Automatic scaling for Amazon RDS
I commented that this week’s customer should look into RDS storage autoscaling.
When you enable storage autoscaling, Amazon RDS automatically scales up your storage when it detects that you are running out of free database space.
If your workload is unpredictable, you can enable storage autoscaling for an RDS DB instance. To do so, you can use the Amazon RDS console, the Amazon RDS API, or the AWS Command Line Interface (AWS CLI).
For more information about Amazon RDS storage autoscaling, see Managing capacity automatically with Amazon RDS storage autoscaling.
Amazon S3 Intelligent-Tiering
This customer could also optimize for cost by using S3 Intelligent-Tiering on the S3 bucket where their data is being stored.
S3 Intelligent-Tiering is the only cloud storage class that delivers automatic storage cost savings when data access patterns change, thus reducing performance impact or operational overhead.

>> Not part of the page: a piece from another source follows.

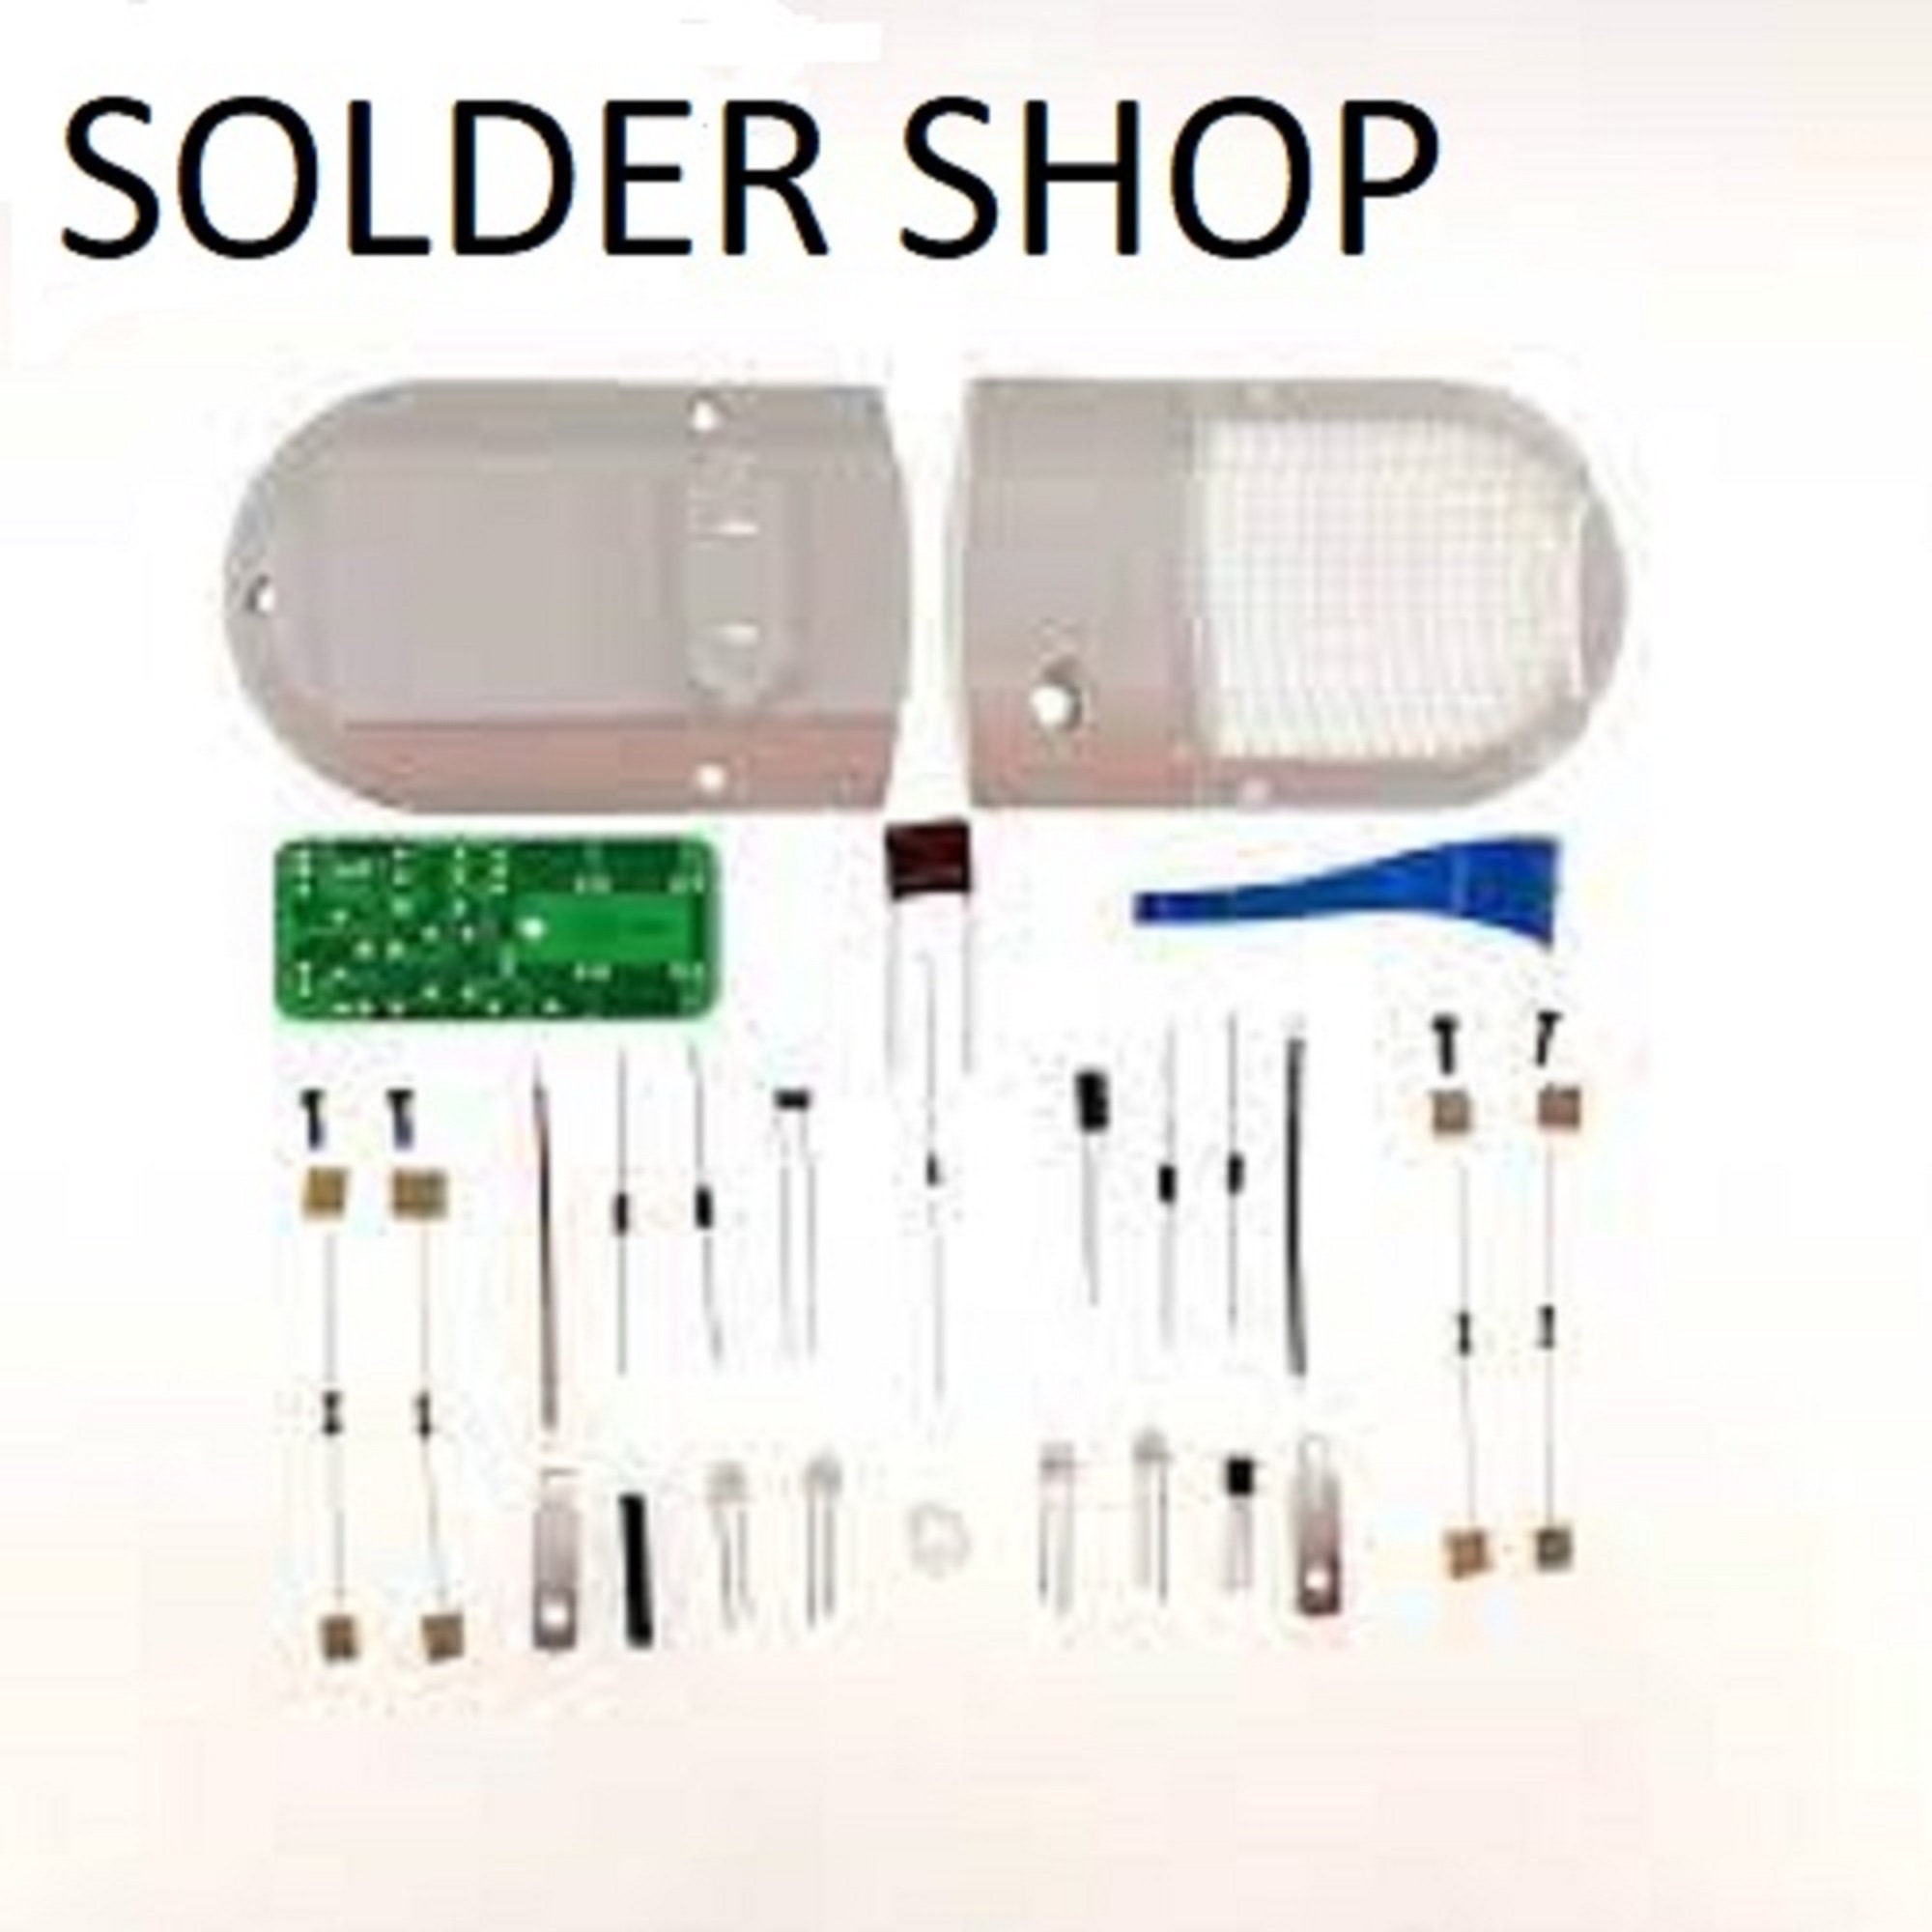 Learn How to Solder Electronics Kit 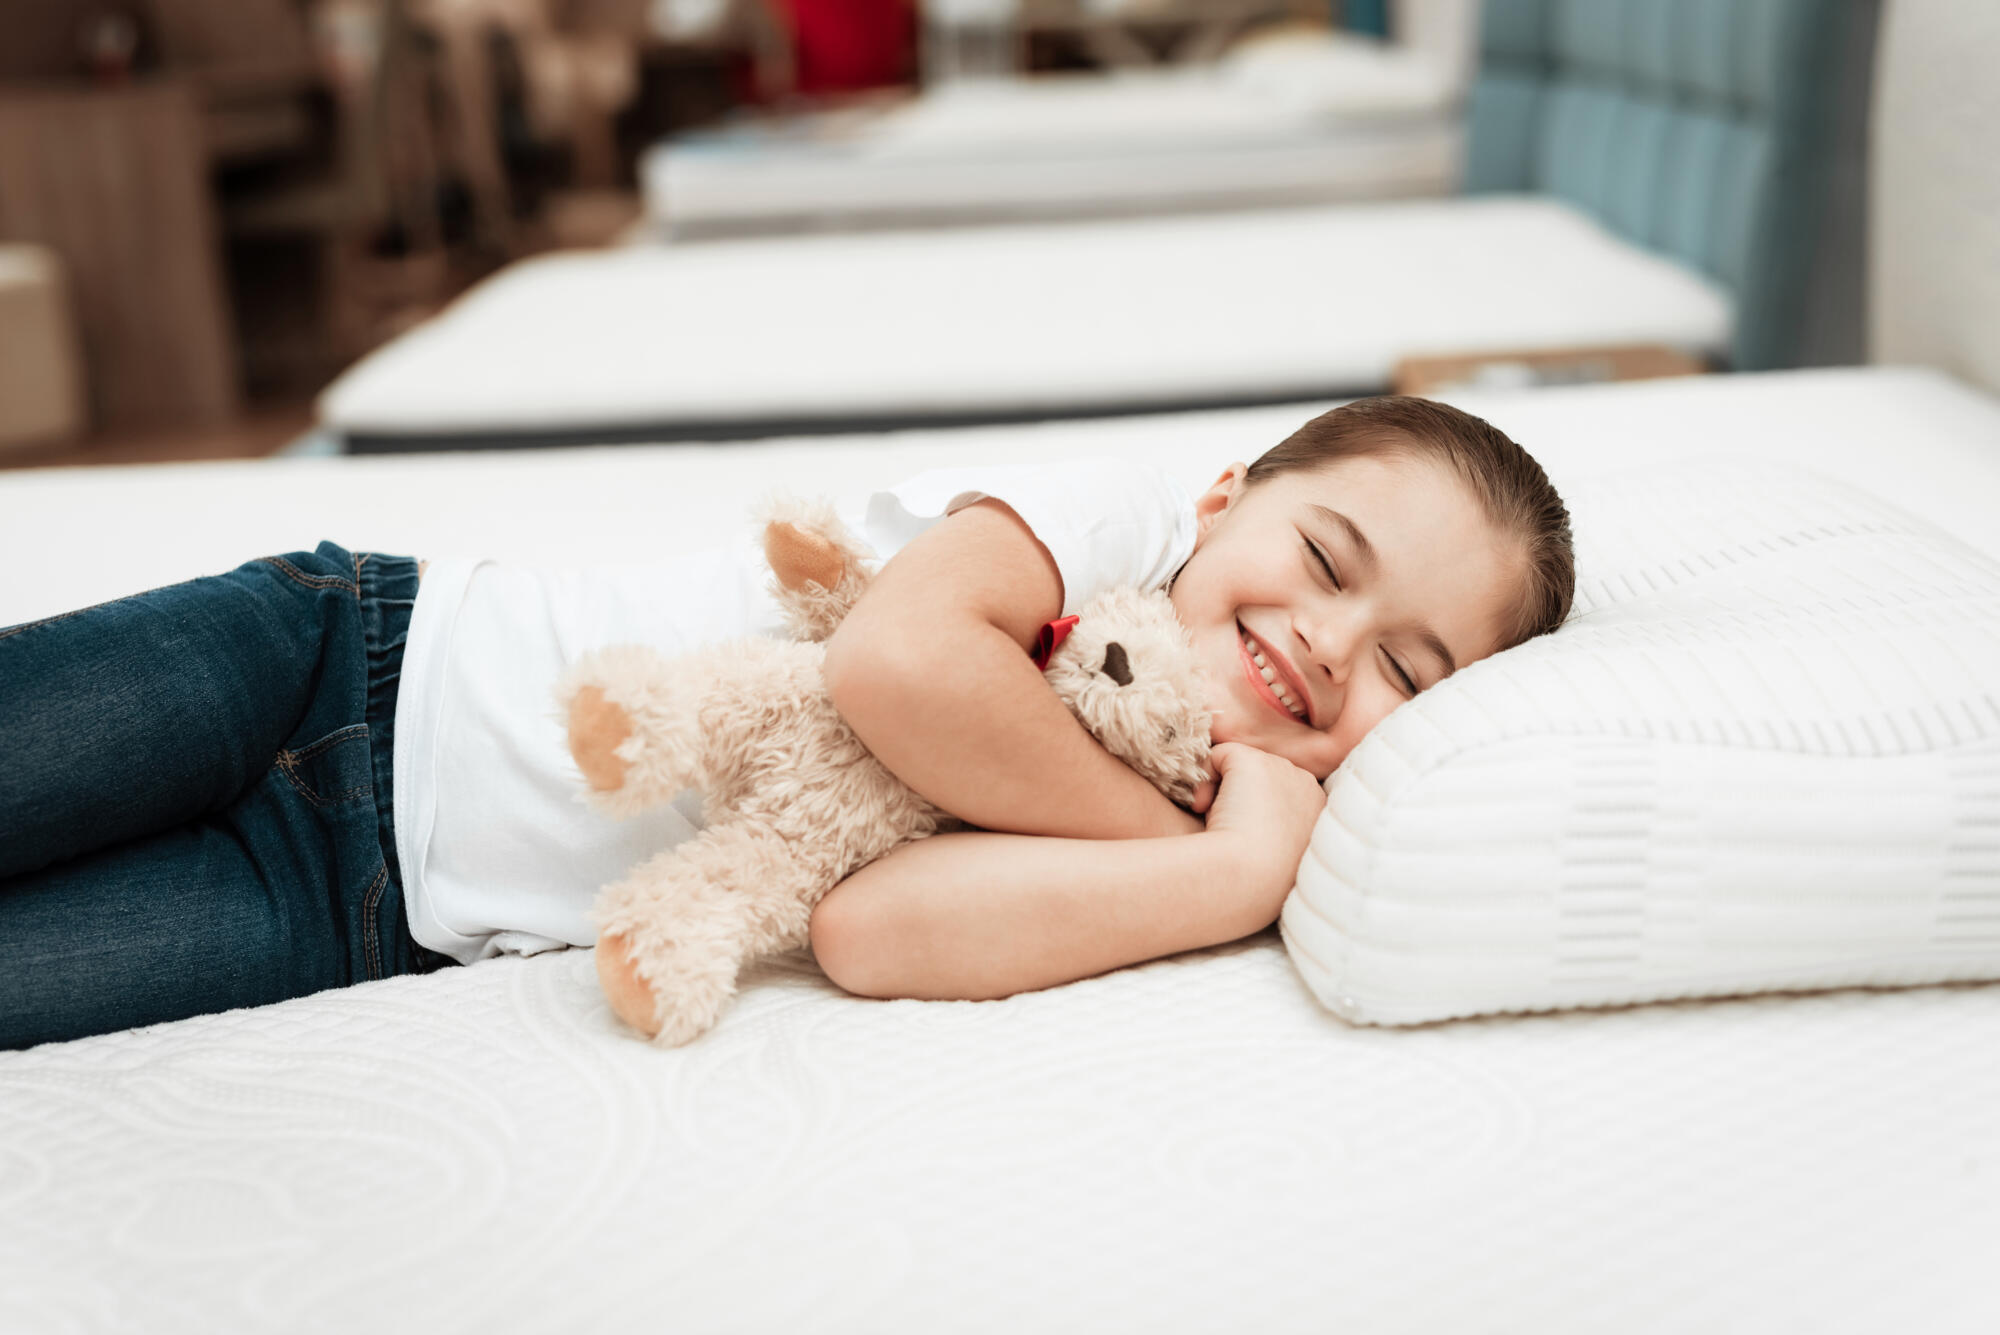 Smiling little girl lies on n orthopedic mattress in a furniture store. Smiling little girl hugs teddy bear on mattress in furniture store.

The Amazon S3 Intelligent-Tiering storage class is designed to optimize storage costs by automatically moving data to the most cost-effective access tier when access patterns change. For a small monthly object monitoring and automation charge, S3 Intelligent-Tiering monitors access patterns and automatically moves objects that haven’t been accessed to lower-cost access tiers.
S3 Intelligent-Tiering is a good storage class for data with unknown, changing, or unpredictable access patterns — independent of object size or retention period. You can use S3 Intelligent-Tiering as the default storage class for virtually any workload, especially data lakes, data analytics, new applications, and user-generated content.